> Activity
Omit all pictures and transcribe only the lines in the entries below that run from the line with "Premium Magenta Pink" through the line with "Adobe_logo_PNG6.png".

> Available records
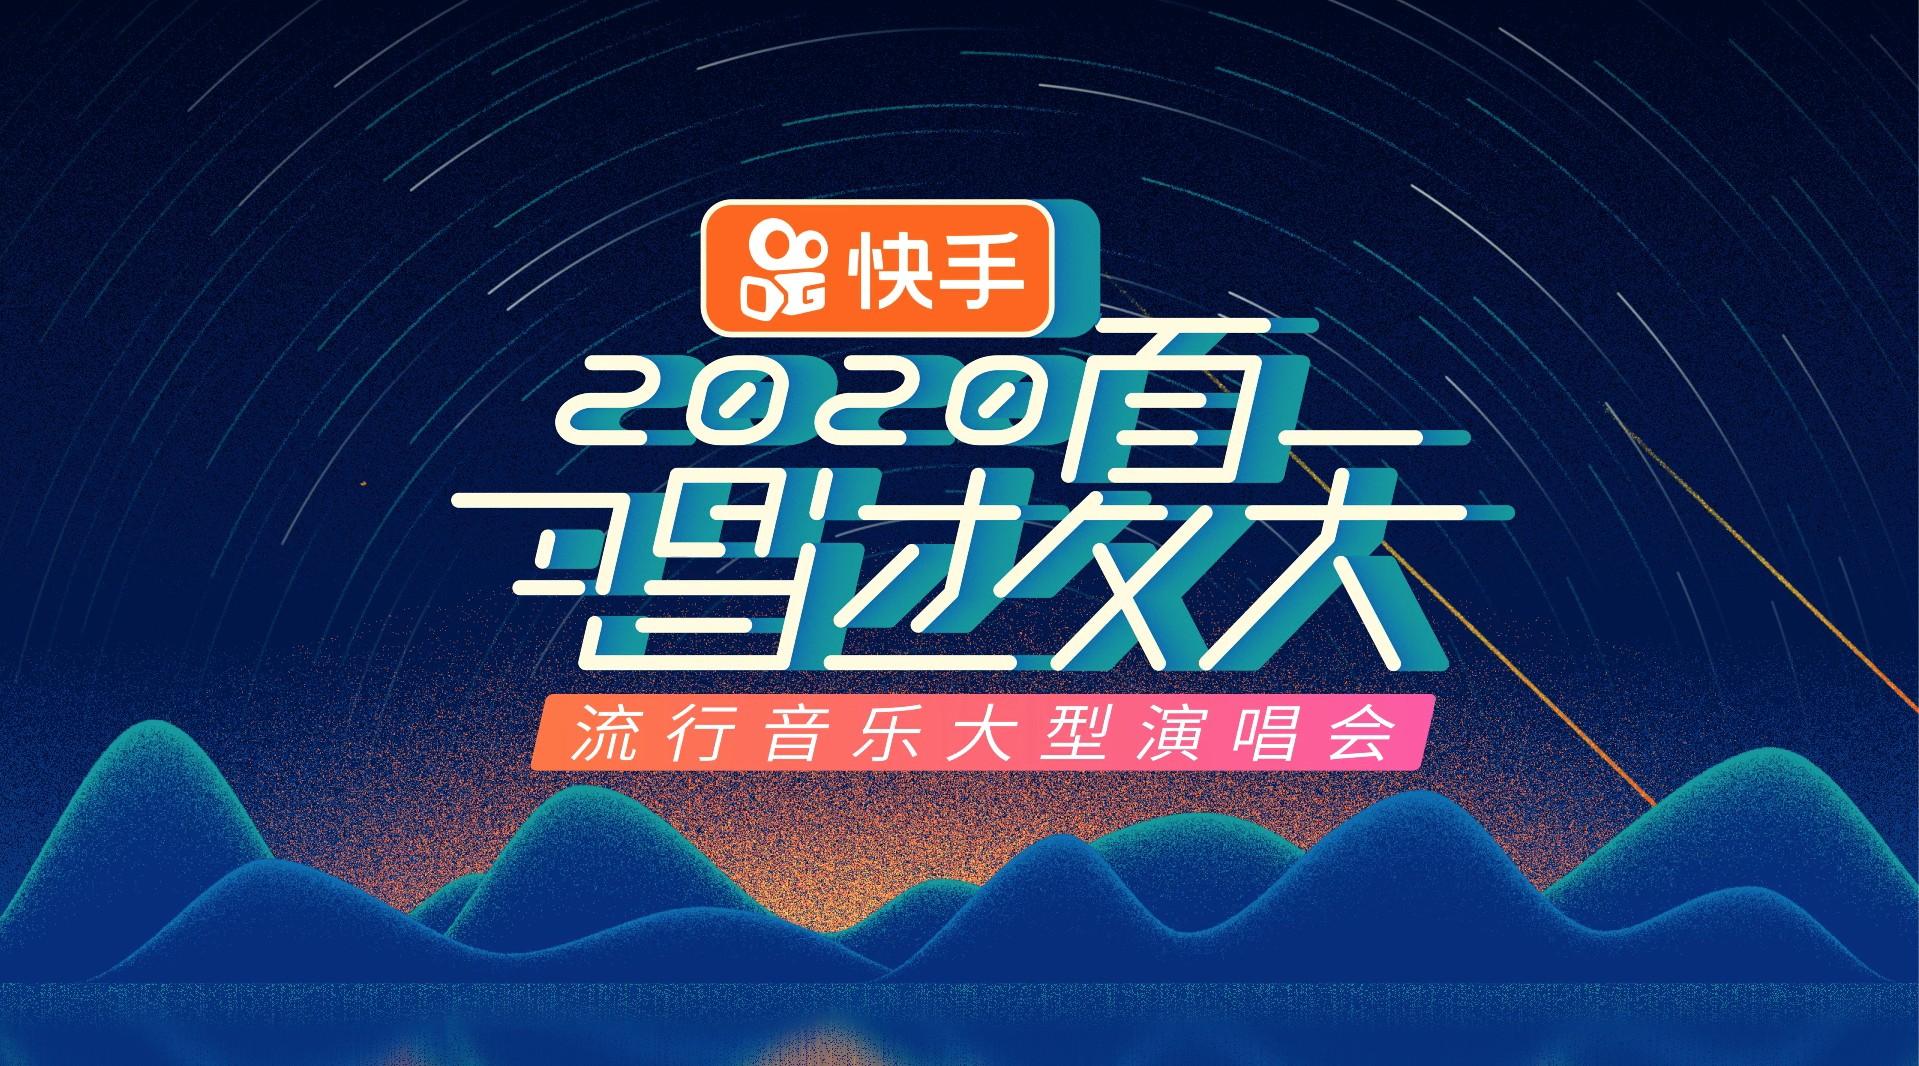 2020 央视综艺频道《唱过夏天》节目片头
--
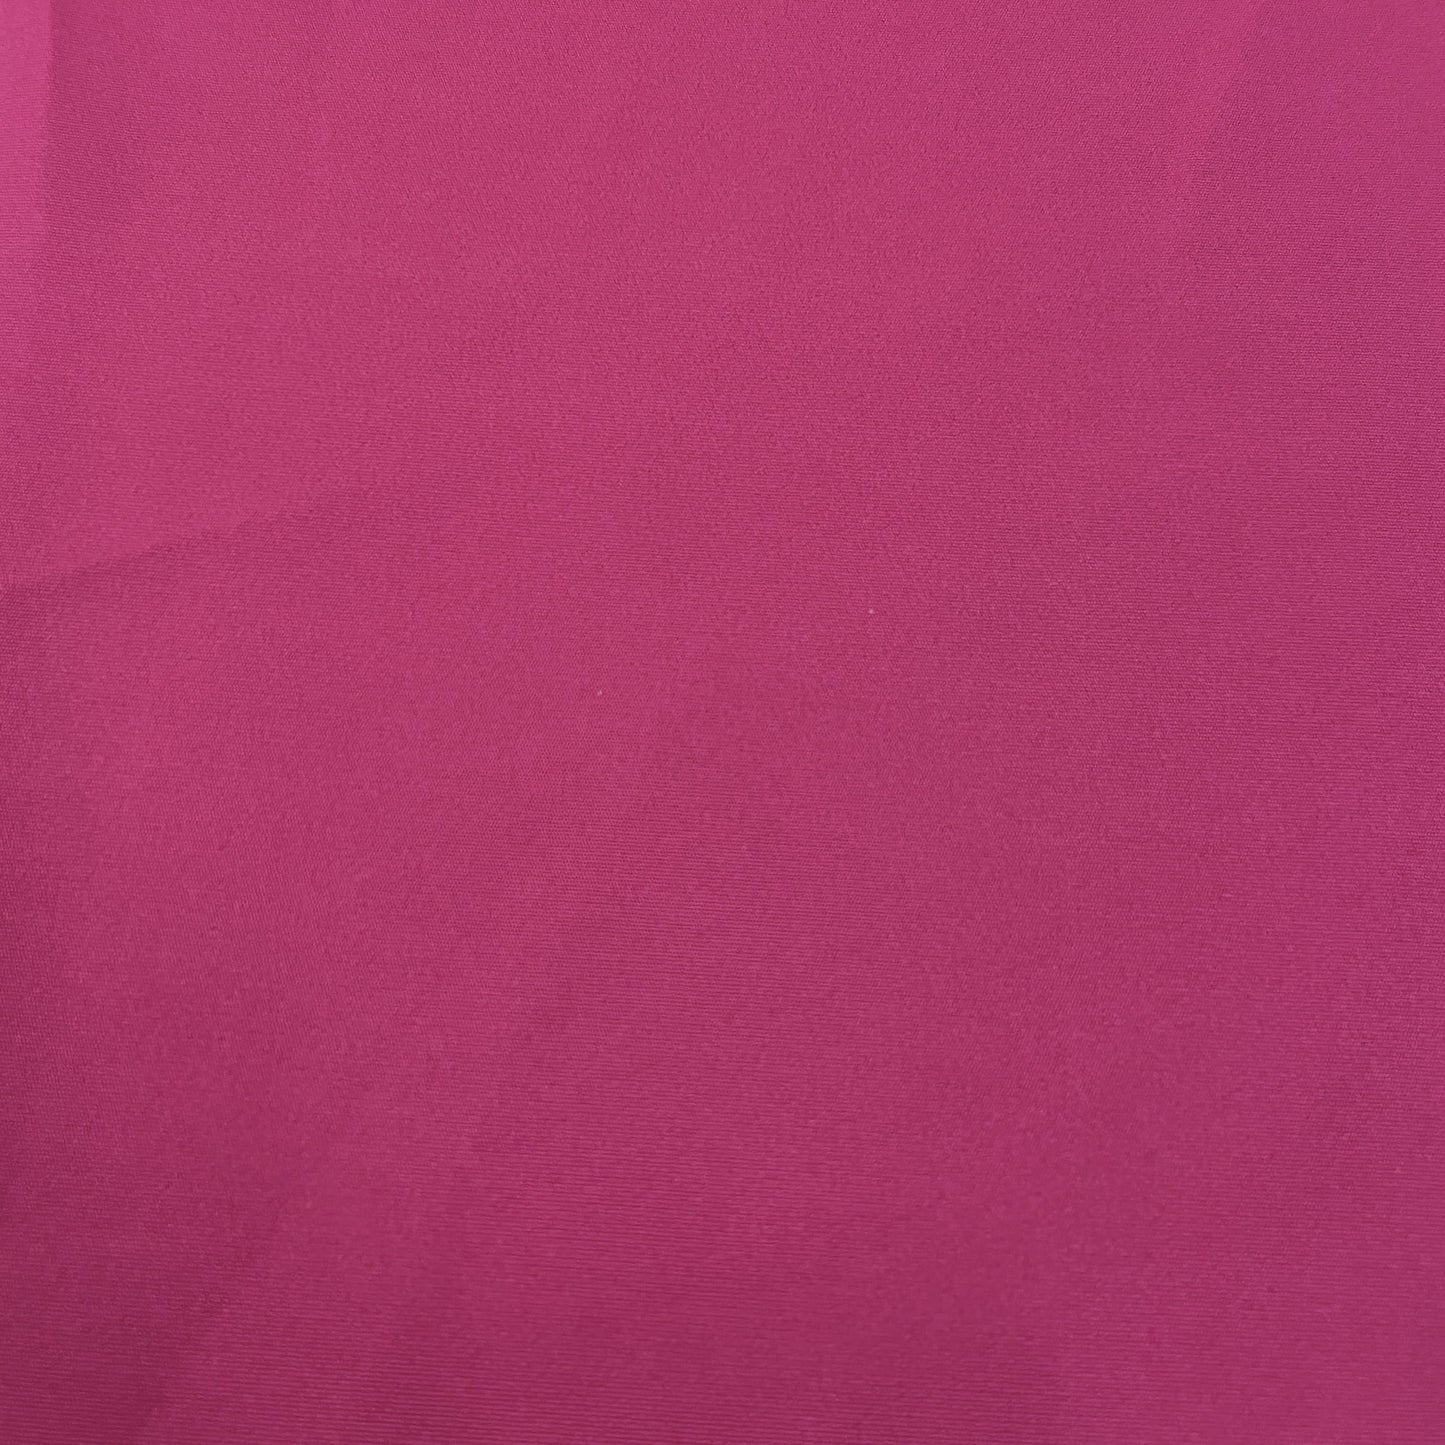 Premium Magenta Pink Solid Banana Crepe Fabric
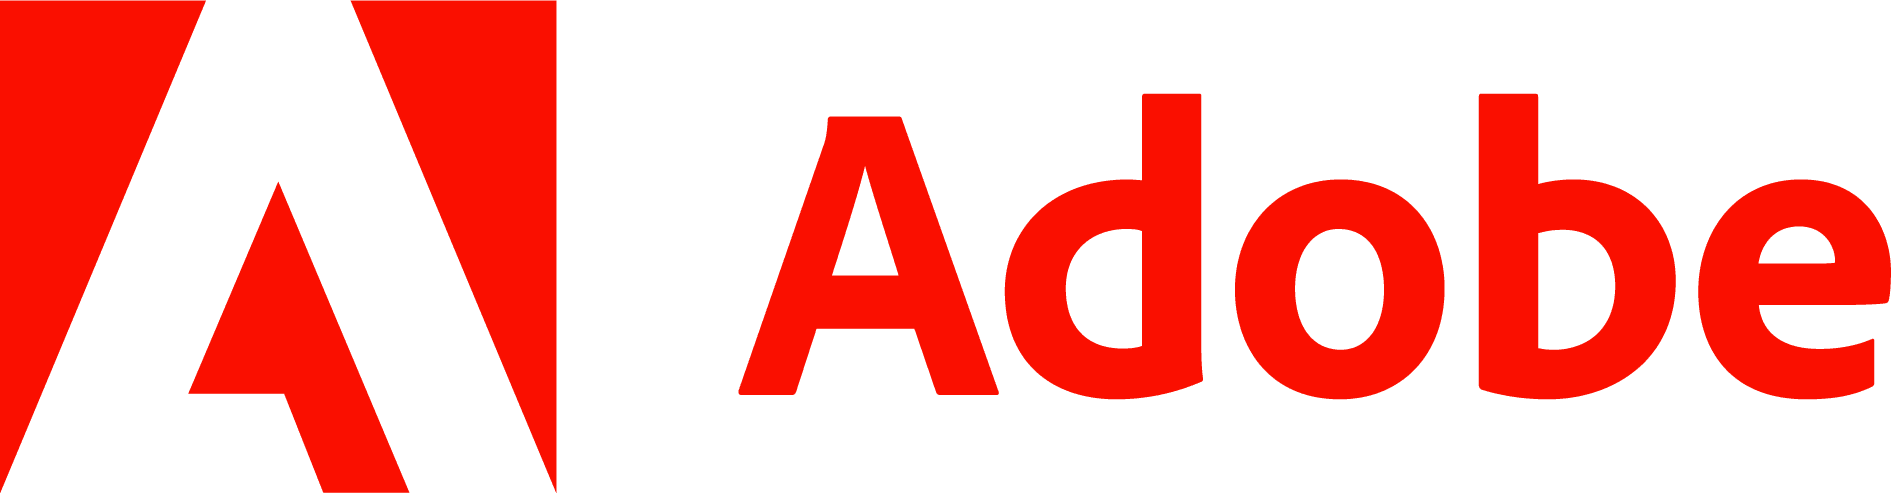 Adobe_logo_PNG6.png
--
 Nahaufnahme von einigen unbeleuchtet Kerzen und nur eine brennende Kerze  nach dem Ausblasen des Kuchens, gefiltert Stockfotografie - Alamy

> Response to the exercise
 Premium Magenta Pink Solid Banana Crepe Fabric
 Adobe_logo_PNG6.png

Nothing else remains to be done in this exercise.